Exercise directions ▸ The task calls for the lines below from the line with "Crossfit patch, Crossfit" to the line with "Aeroquip FCM5000 Fitting, Adapter, Straight, 3", both ends included, copied exactly, without any pictures.

Exercise material ▸
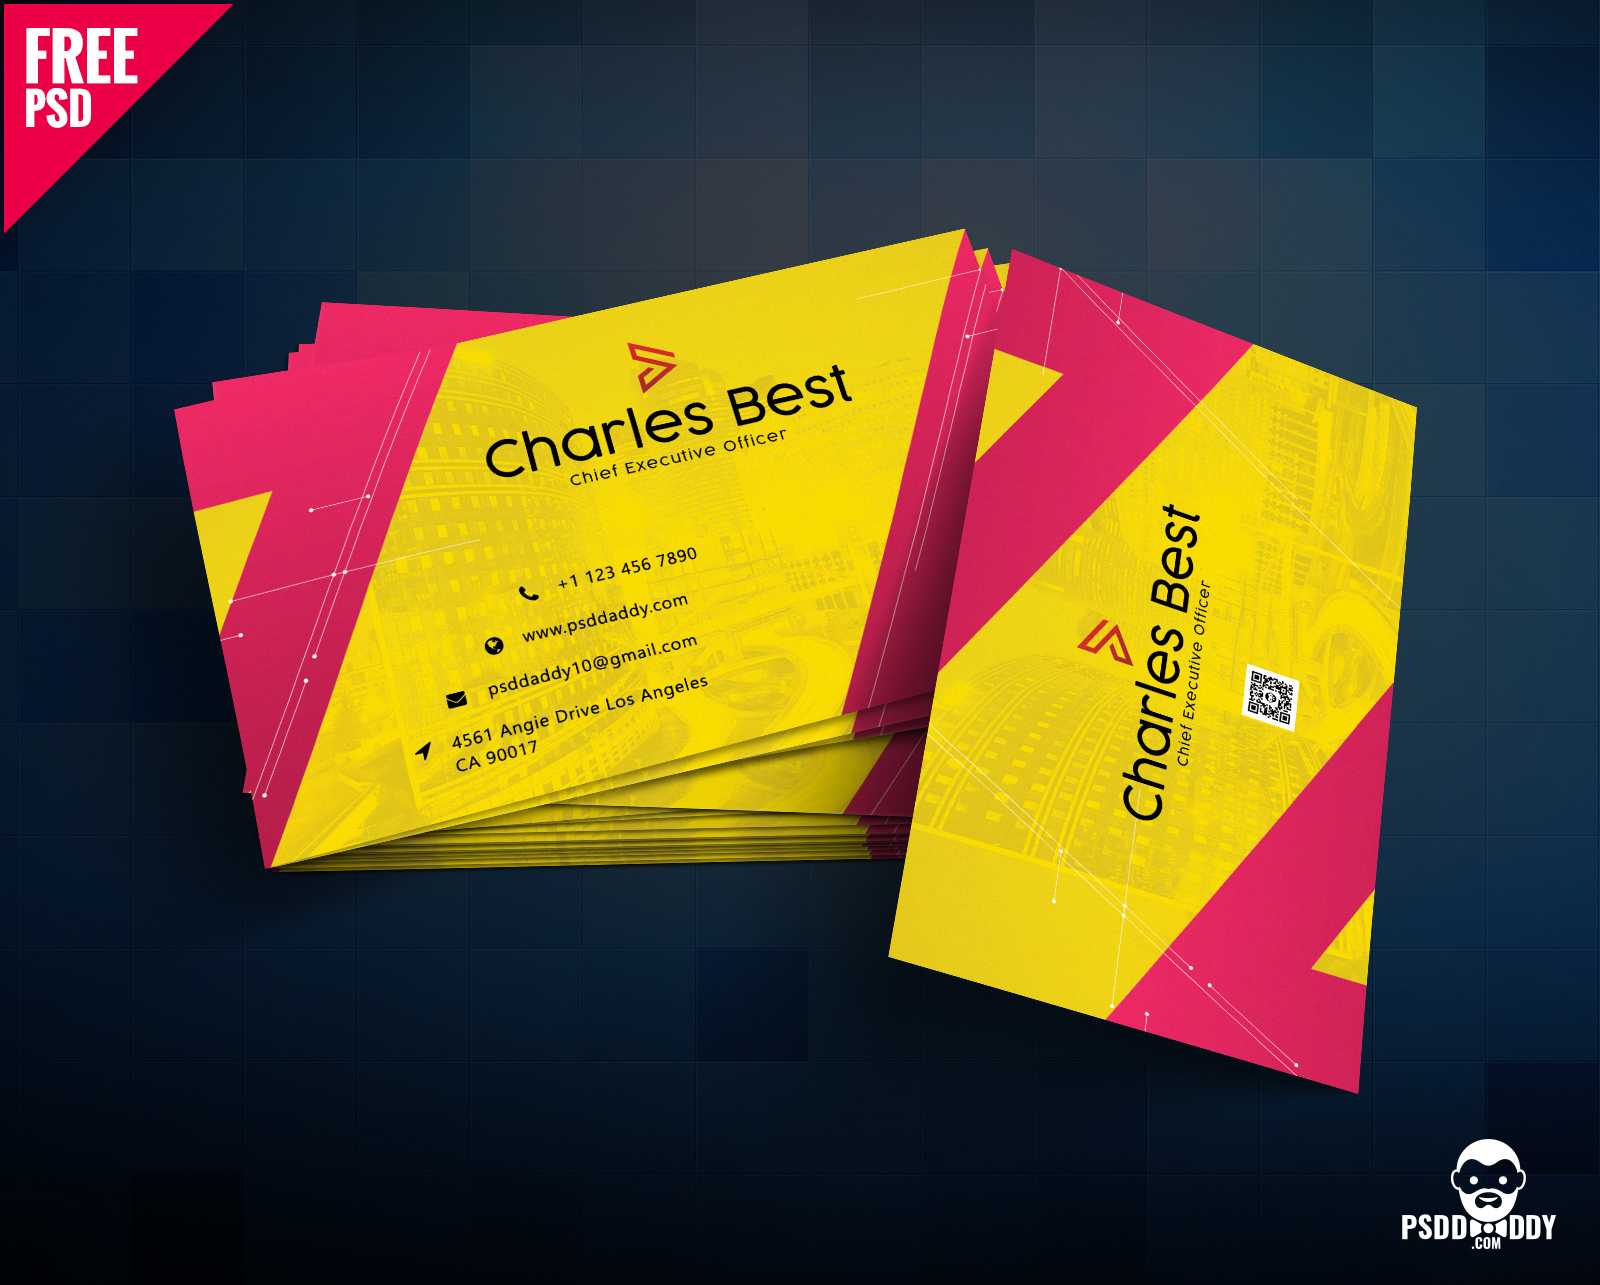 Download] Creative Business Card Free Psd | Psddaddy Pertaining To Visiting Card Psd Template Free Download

---

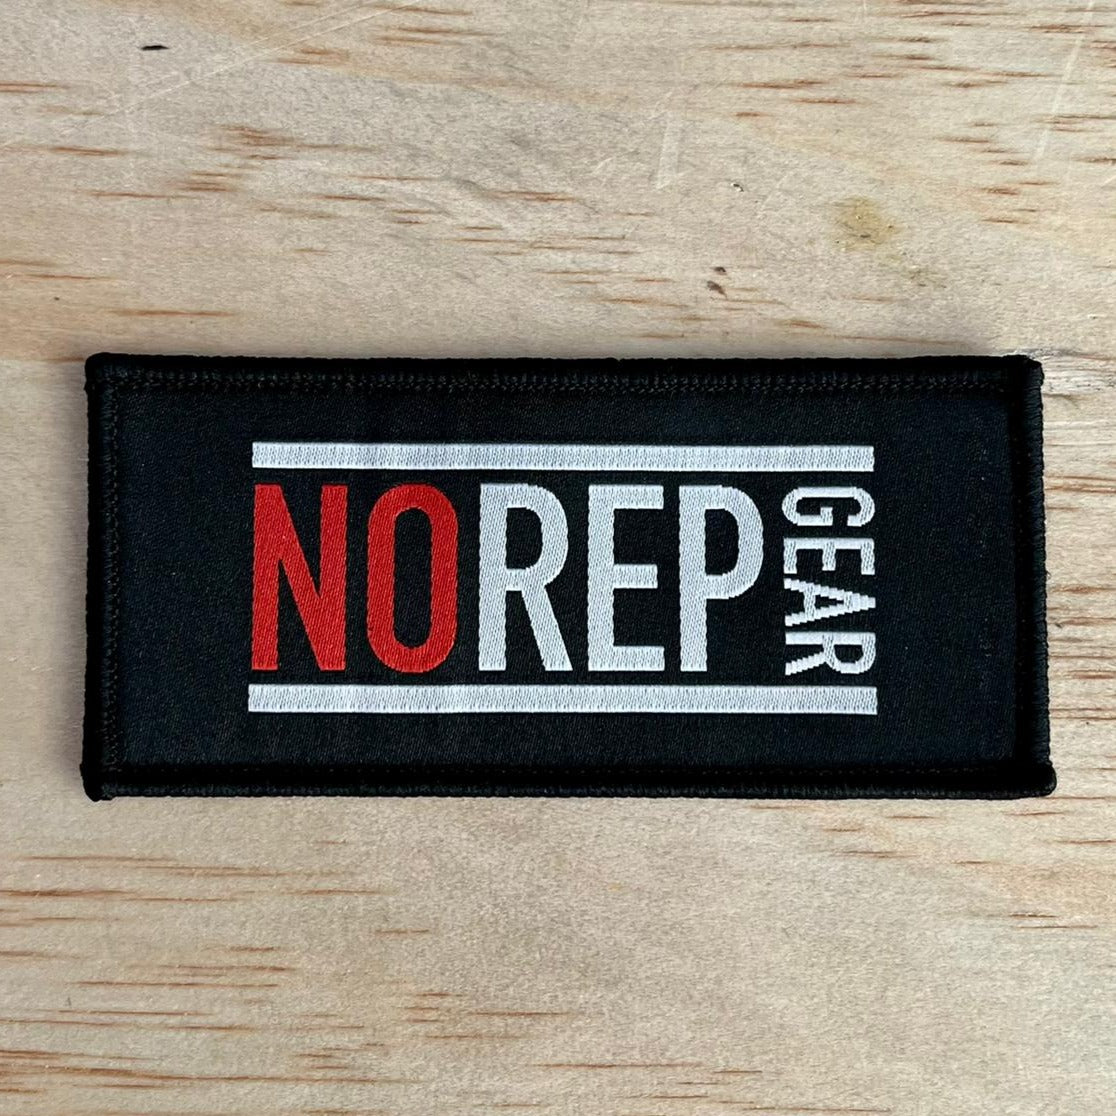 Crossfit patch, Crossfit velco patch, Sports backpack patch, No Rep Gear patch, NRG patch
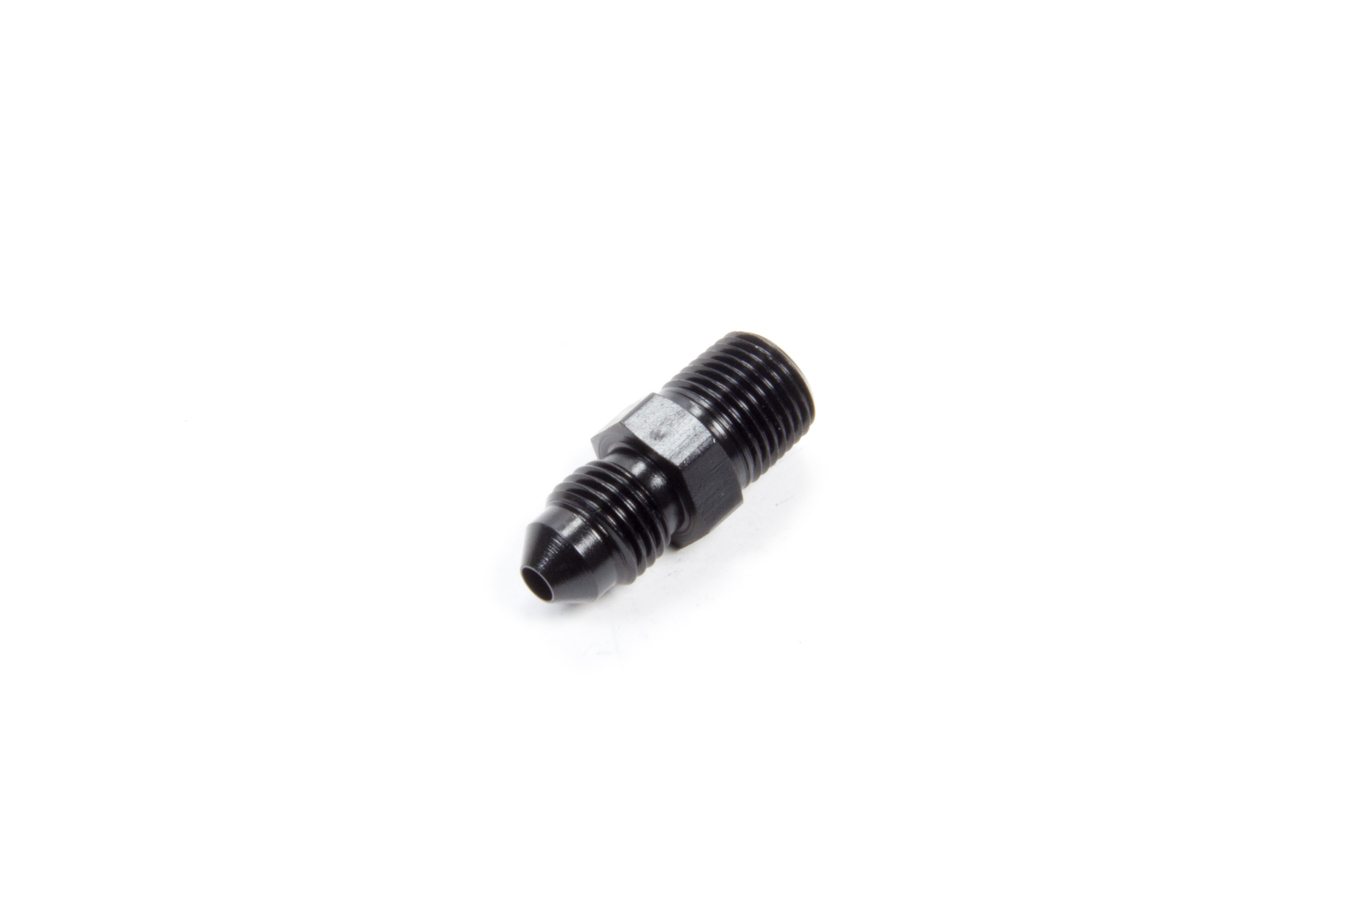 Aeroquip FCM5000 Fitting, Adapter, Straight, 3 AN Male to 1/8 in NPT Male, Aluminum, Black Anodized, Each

---

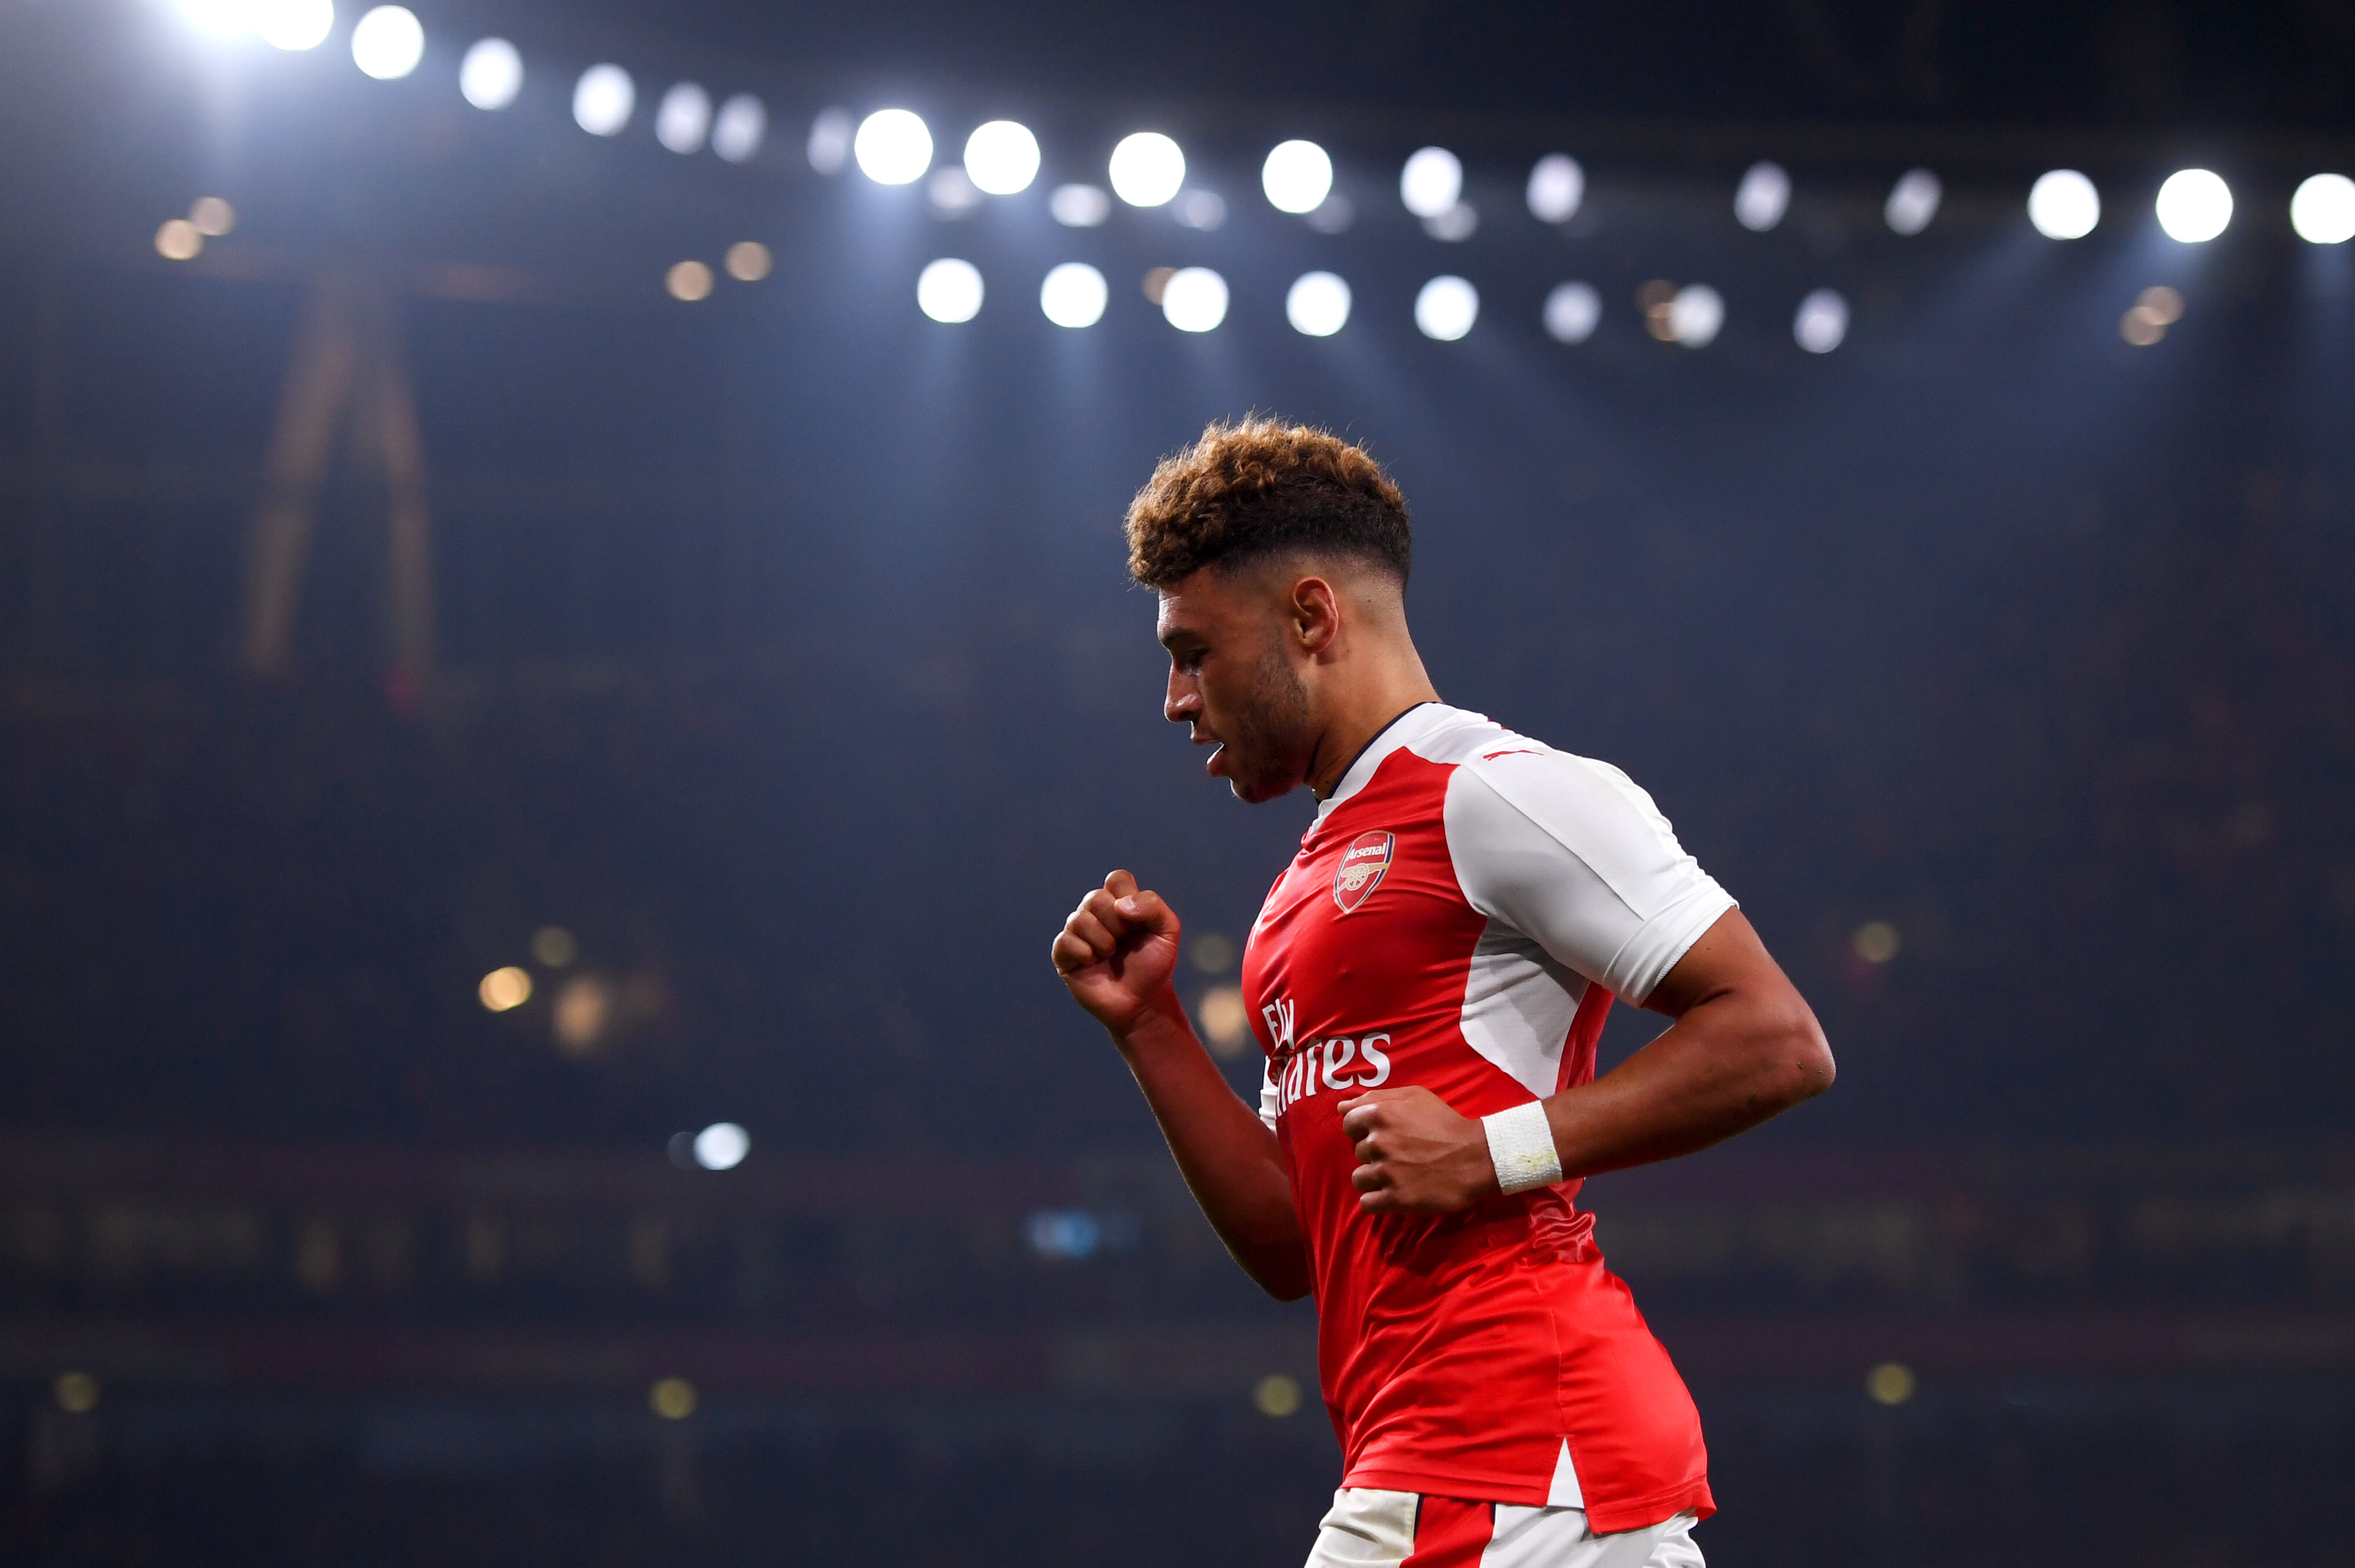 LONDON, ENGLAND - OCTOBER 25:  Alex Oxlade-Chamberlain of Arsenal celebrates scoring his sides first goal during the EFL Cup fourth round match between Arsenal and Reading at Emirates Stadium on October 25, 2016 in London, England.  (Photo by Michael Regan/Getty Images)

Reply ▸
 Crossfit patch, Crossfit velco patch, Sports backpack patch, No Rep Gear patch, NRG patch
 Aeroquip FCM5000 Fitting, Adapter, Straight, 3 AN Male to 1/8 in NPT Male, Aluminum, Black Anodized, Each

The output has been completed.